NAF extends this by noting that, with a bit of precomputation, we can insert several bits at once. For example, if we're at 11010000G
, and we have 1101G
precomputed, we can add those together, getting 11011101G
. In this example, we set 3 bits in the exponent with a single add - doing the same with double-and-add with require 3 point additions.
So, with 4-bit NAT, we start with the values $0G, 1G, 2G, ..., 15G$ precomputed. If we are using the same $G$ repeatedly (e.g. $G$ is the curve 'generator point'), we can do those once and put them in a table. Alternatively, we can compute those with 7 additions and 7 doublings.
Then, to compute 100101101011010000111G
, we start with the top 4 bits 1001
. We have 1001G
in our precomputed table, so we start there. Then, we keep on doubling until we reach 100100000G
; at this point, we have 4 bits (the 1101
pattern) in the target that is not expressed in our current value - we get the 1101G
value in our precomputed table and add it in, given 100101101G
. We keep on going (adding in values from our precomputed table when we get 4 bits in the target that is not expressed in our current value) until we hit the end - in that case, there's a remaining 111G
, so we add that in, and we're done.
If you note the patterns of doublings and additions (with a doubling without an addition being signified by a 0), that pattern is the 9 0 0 0 0 13 0 0 0 0 13 0 0 0 0 0 0 7
that's found in quote.
With double-and-add, we end up using an expected $n/2$ additions to multiply by an $n$-bit scalar; with 4-bit NAF, we use an expected $n/5$ additions (and the number of doublings are about the same - 4 bit NAT uses 3 fewer) - that is not that bad of a savings.

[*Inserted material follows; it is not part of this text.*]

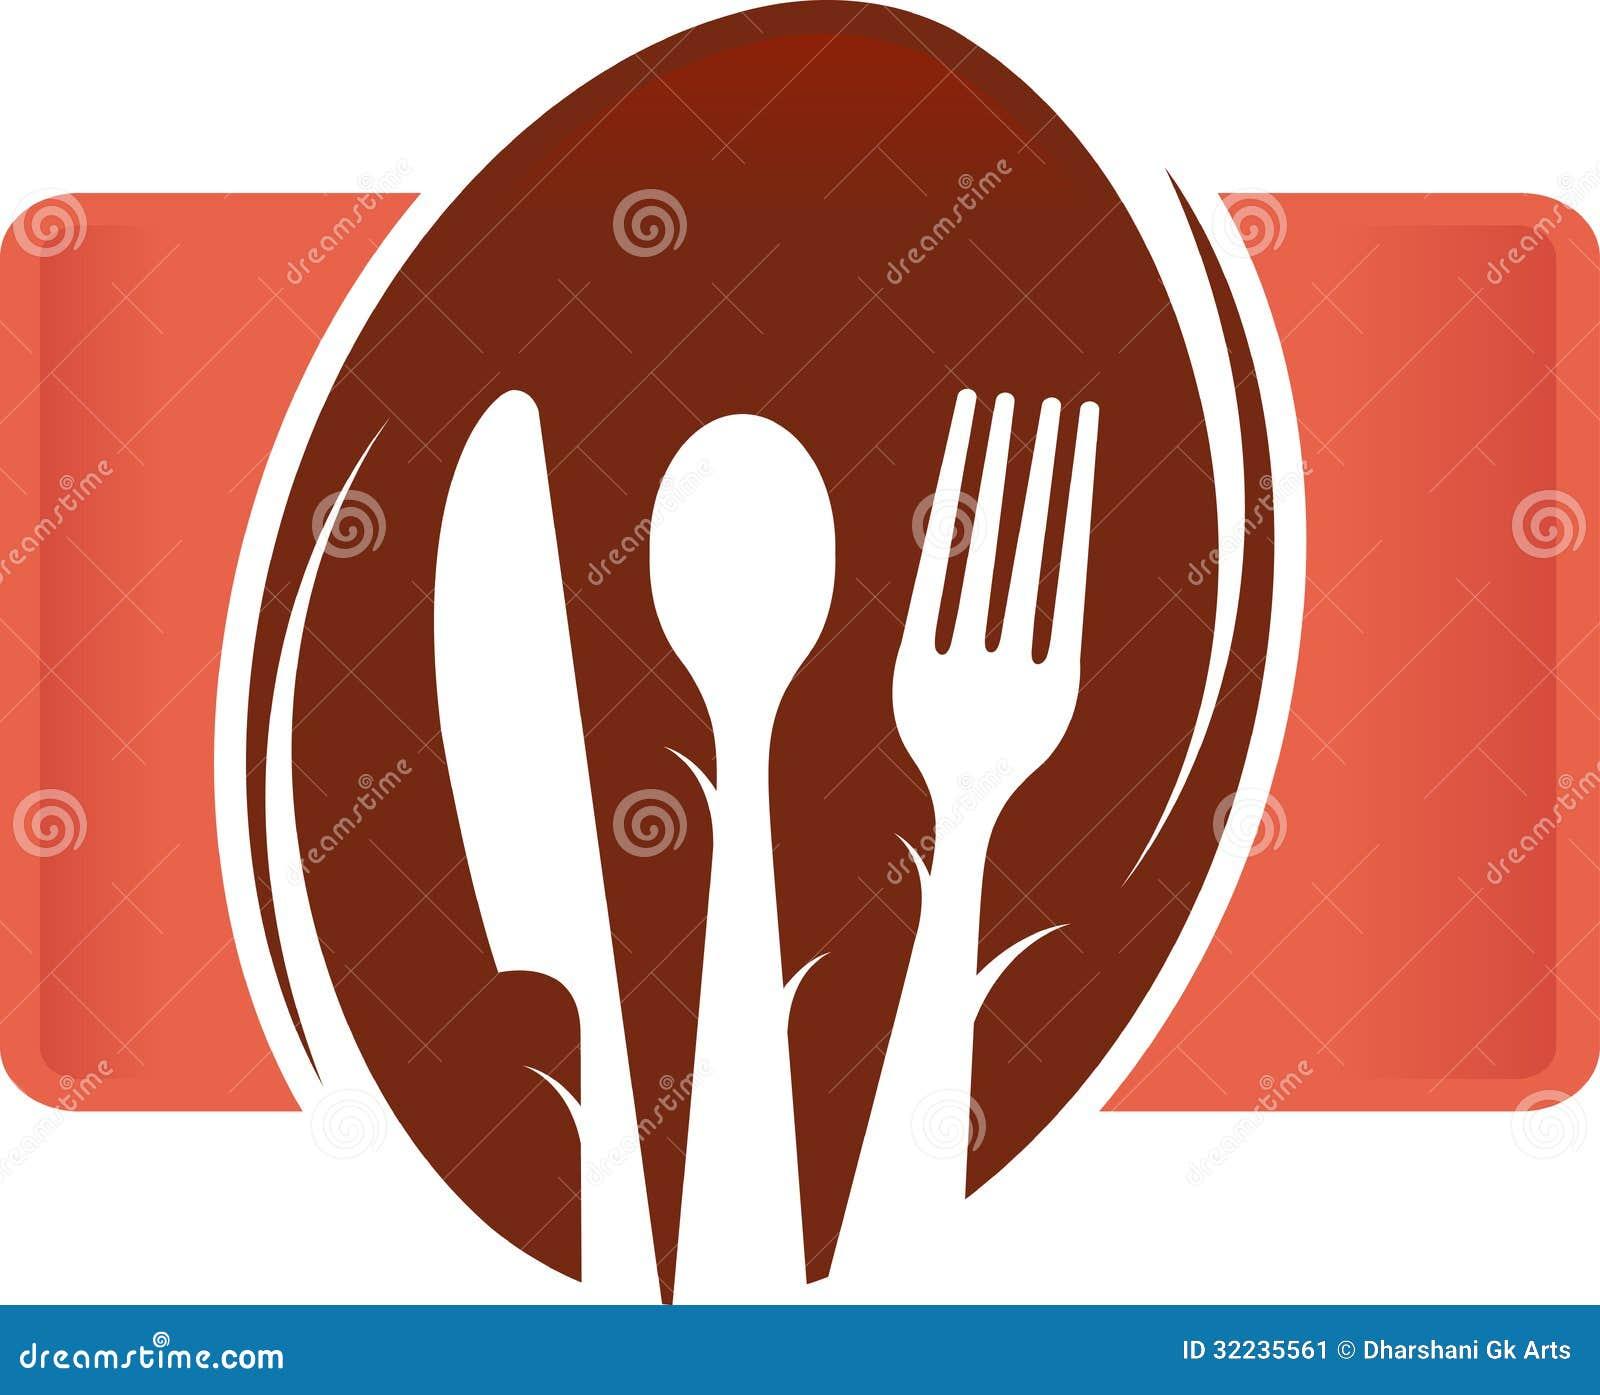 Kitchen utensil clip art - Restaurant Logo Stock Image Image 32235561

On the other hand, if the attacker is able to listen into when we are performing the doublings versus the additions, he can gain some information on the scalar we're multiplying by - that can be bad (hence this algorithm may not be appropriate without additional masking in some circumstances).
There are even more aggressive ways of implementing point multiplications with elliptic curves; however that should help with understanding this one.